Pubblicato il: 07/04/2017

Uno studio di Università Statale di Milano e Ludwig Maximillian University di Monaco - pubblicato su Scientific Reports del gruppo Nature - osserva nel dettaglio, per la prima volta in un artropode terrestre fossile, i muscoli presenti nelle zampe e importanti componenti del sistema nervoso centrale.

Lo studio - svolto sul Monte San Giorgio - conferma la teoria del modello evolutivo a "balzi", permettendo inoltre di retrodatare di ben 100 milioni di anni rispetto a quanto finora ipotizzato l'origine delle attuali famiglie dell'antichissimo insetto.

Le ricerche paleontologiche - svolte a partire dagli inizi degli anni 2000 dal gruppo di specialisti guidato da Andrea Tintori dell'Università Statale di Milano sul Monte San Giorgio, in collaborazione con Markus Felber, allora conservatore presso il Museo Cantonale di Storia naturale di Lugano - hanno condotto a una serie di importanti scoperte che riguardano anche gli insetti e la loro evoluzione.

In questo sito, tra i più importanti al mondo per i ritrovamenti di vertebrati marini del Triassico Medio (circa 240 milioni di anni fa), sono stati ritrovati 19 esemplari di insetti fossili. Tra questi, più di un terzo possiede un'eccezionale conservazione di organi e tessuti molli, condizione raramente presente nei fossili.

Due di questi esemplari sono stati oggetto dello studio pubblicato su Scientific Reports, che vede come senior author Matteo Montagna, entomologo evoluzionista presso il dipartimento di Scienze agrarie e ambientali dell'Università Statale di Milano, e i colleghi Laura Strada della stessa università, Joachim e Carolin Haug della Ludwig Maximilian University di Monaco.

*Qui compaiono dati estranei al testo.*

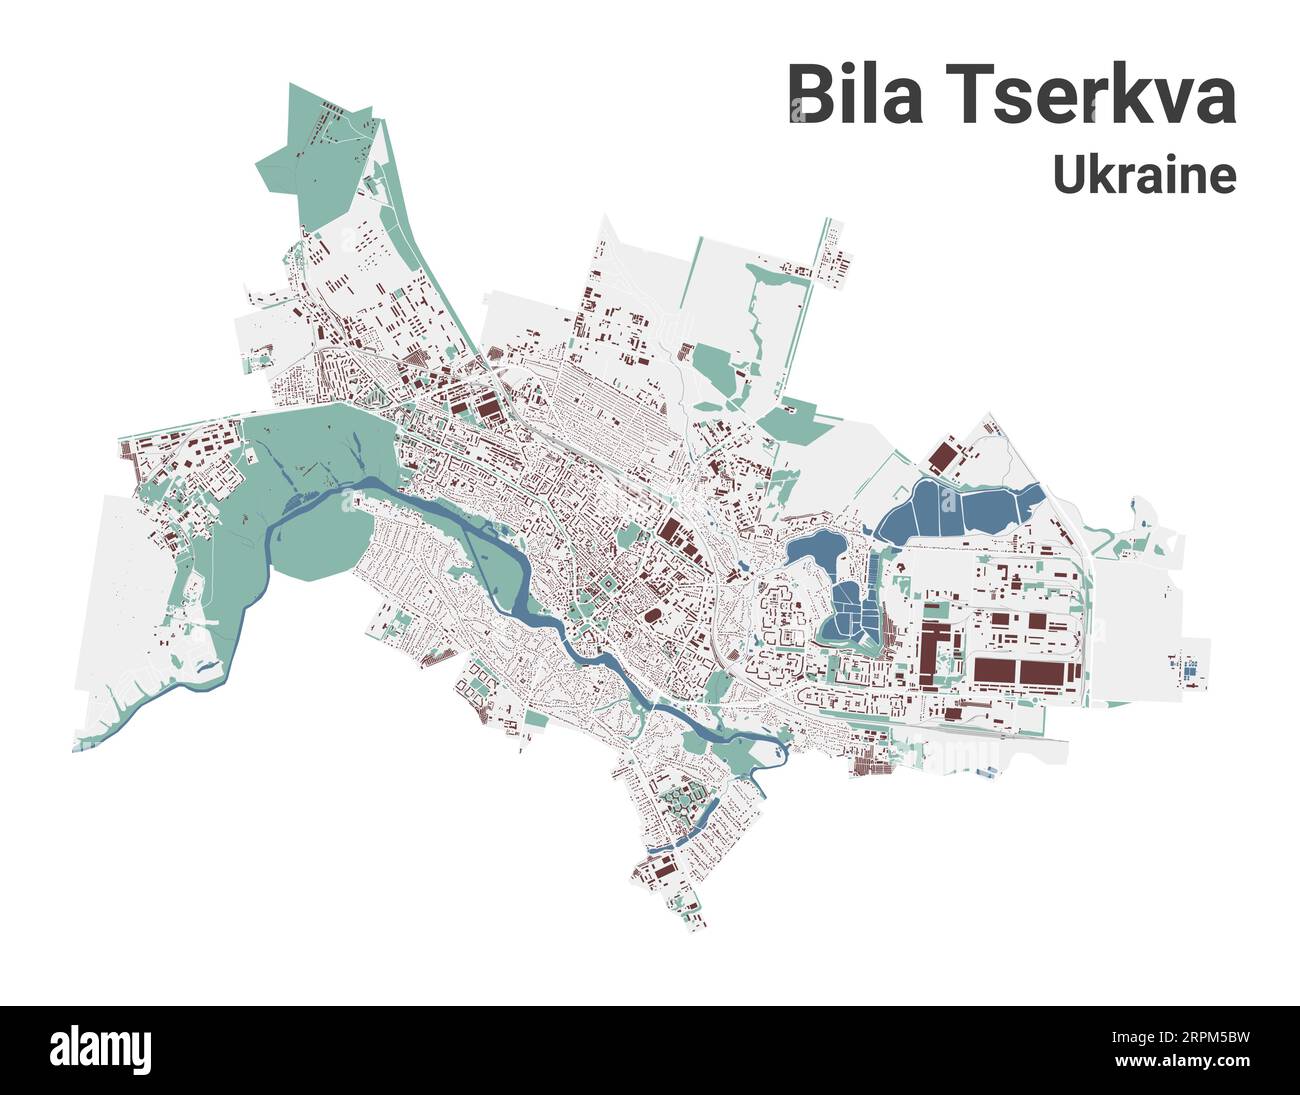 Carte de Bila Tserkva, ville dans Ukraine. Carte de la zone administrative municipale avec les bâtiments, les rivières et les routes, les parcs et les voies ferrées. Illustration vectorielle. Illustration de Vecteur

Gigamachilis triassicus, così è stata nominata dai ricercatori la nuova specie descritta, è stata riconosciuta appartenere a una famiglia attuale dell'ordine degli archeognati, insetti privi di ali e anche per questo considerati tra i più primitivi in assoluto.

Il nome generico, Gigamachilis, deriva dalle eccezionali dimensioni di questa specie, circa 8 cm includendo il filum terminale, quasi quattro volte più lunga degli attuali archeognati, i cui parenti prossimi, i pesciolini d'argento, sono più noti al pubblico poiché li si può osservare talvolta nelle nostre case correre a nascondersi dietro i mobili appena accesa la luce.

"Il Monte San Giorgio, divenuto patrimonio UNESCO per i suoi fossili di vertebrati marini - commenta Matteo Montagna - non finisce di stupire e meriterebbe ancora molta attenzione da parte del mondo scientifico e non solo. Questo studio dimostra infatti che, anche dopo oltre 150 anni di ricerche, su questo sito è ancora possibile fare incredibili scoperte e che talvolta sono proprio i fossili più piccoli a dare i risultati più incredibili".